I think out 20+ tests of large fft's i ran only time I crashed was when i was accidently mis set the CPU voltage too low. Other than than, it just get's the usual "round expected greater than 0.5 got 0.4" something in that line

Figure out what component is causing the problem by stressing each componenent individually until you find what causes the problem, or, by relaxing them all one by one until you see the problem go away. A failure in a large in-place FFT doesn't really tell you much - you just know you have a chunk of code that's failing some speedpath somewhere. As you well know, it could be anything in the system that's causing it. You need to narrow down the problem by looking at each component separate to the others.

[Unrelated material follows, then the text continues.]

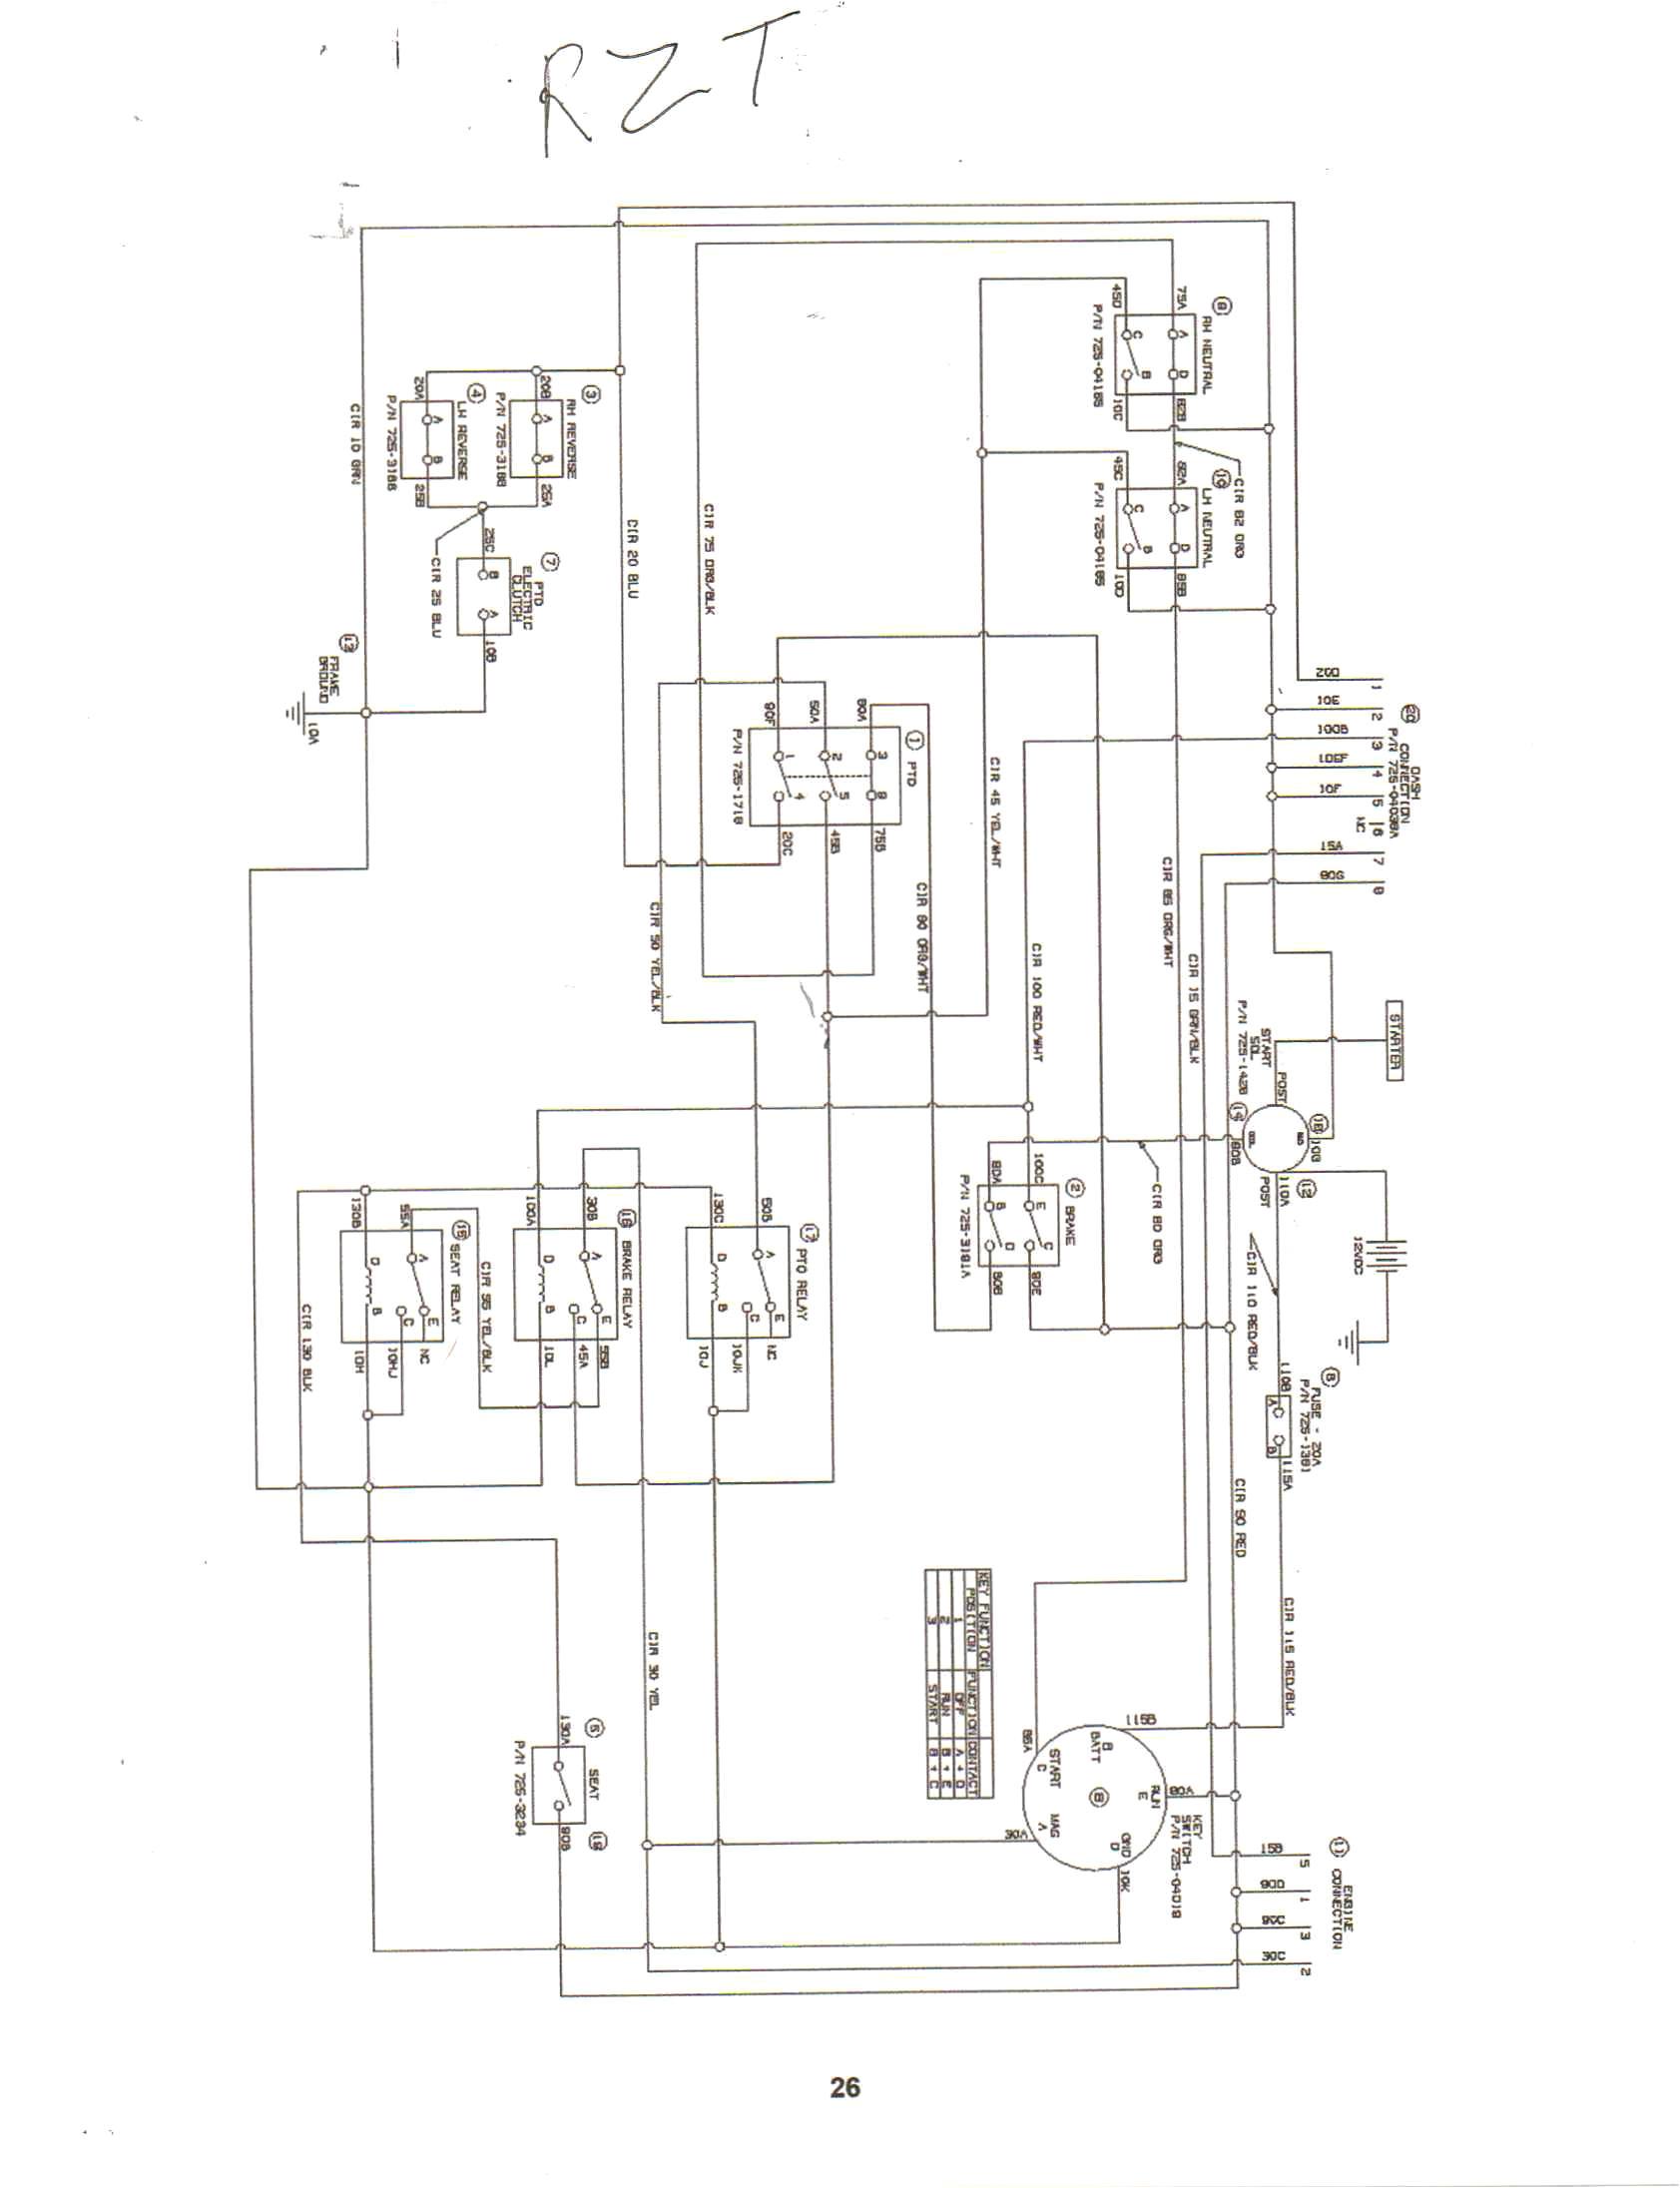 cub cadet gt1554 wiring diagram wiring diagram ebook cub cadet gt1554 wiring diagram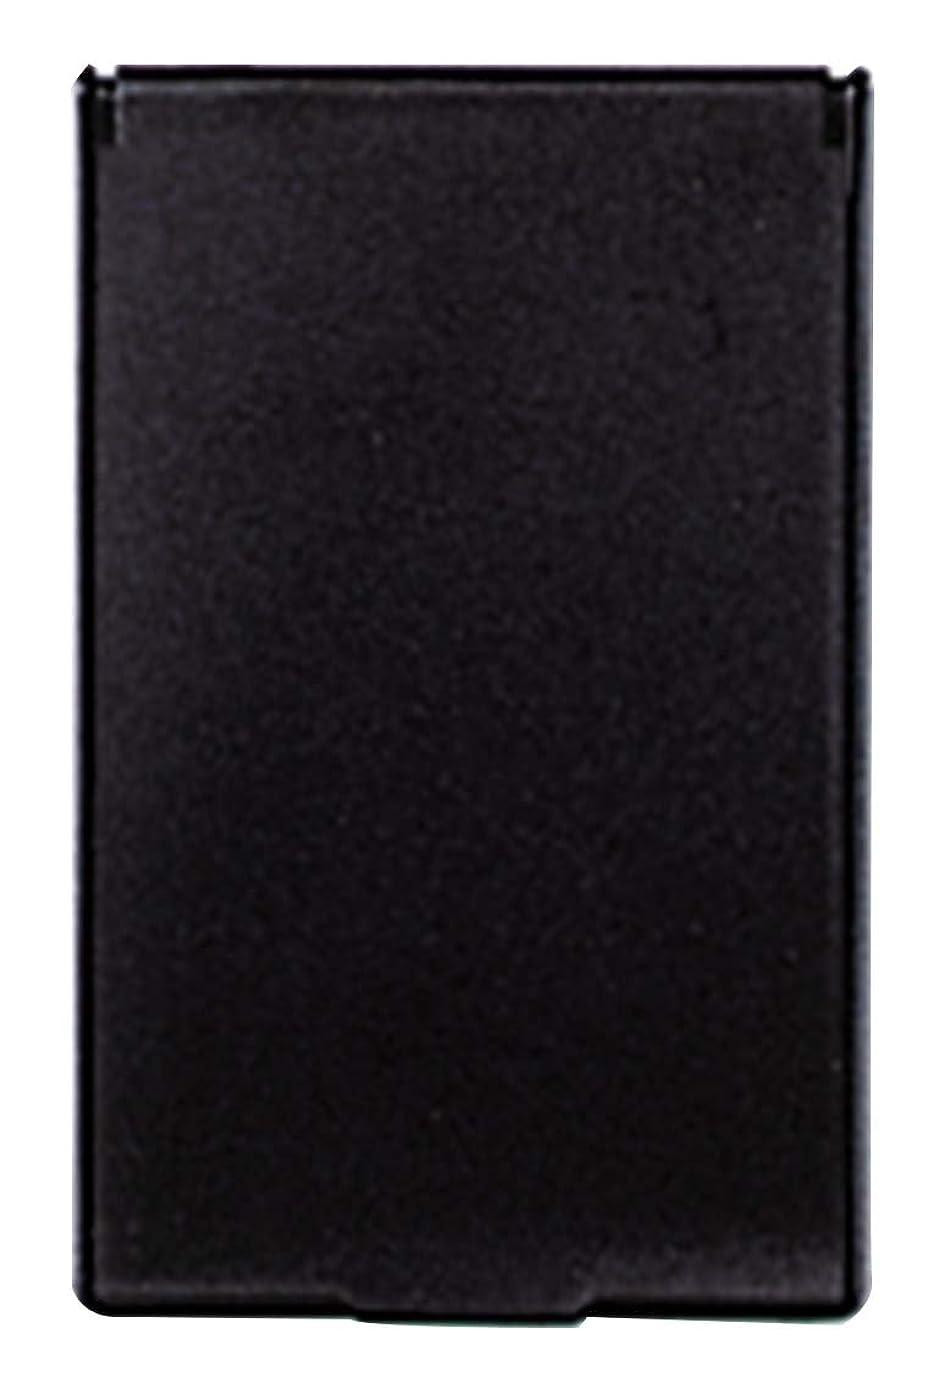 ビブレ 角型 コンパクトミラー S ブラック Y-3572

I've tried everythig from raising the FSB voltage to 1.5v NB up to 1.6v. None of them produce any solid results to say they are at fault. errors times are random. sometimes it will test for an hour, sometimes 10 min.

"in place" means that it doesn't require additional buffer memory for the calculation - so that it doesn't have the original data and then make a copy as it executes, but executes in the same memory space. This reduces the memory overhead required.

can't what you're saying really mean that when the test is run it sticks to only what it needs? i believe it uses about 150mb. And does it mean that it uses only a portion of ram and on that portion?
In doing so if it picked a not as stable ram chip it will more likely fail, where as it picks a better chip it will not fail as quickly or not at all. BUT...
When i keep my CPU at 3.2ghz 460x7 and keep the eveything same. it passes the in-place large fft. where that result points to CPU.. but CPU passes small FFT..

Can it be that in-place large FFT stresses the CPU more than the small FFT?


"large" could refer to the dataset size, or the integer size, but this is a bit more vague and I'm not sure what they mean by it - although I'd guess that it's the size of the dataset.
I've read in quite a few places that "large" dataset size does not fit in to the CPU cache and will be accessed from ram, that it stresses the CPU to RAM interface most. but that would mean the NB. but increasing the NB does nothing to stability. doesn't change it' random error occurance.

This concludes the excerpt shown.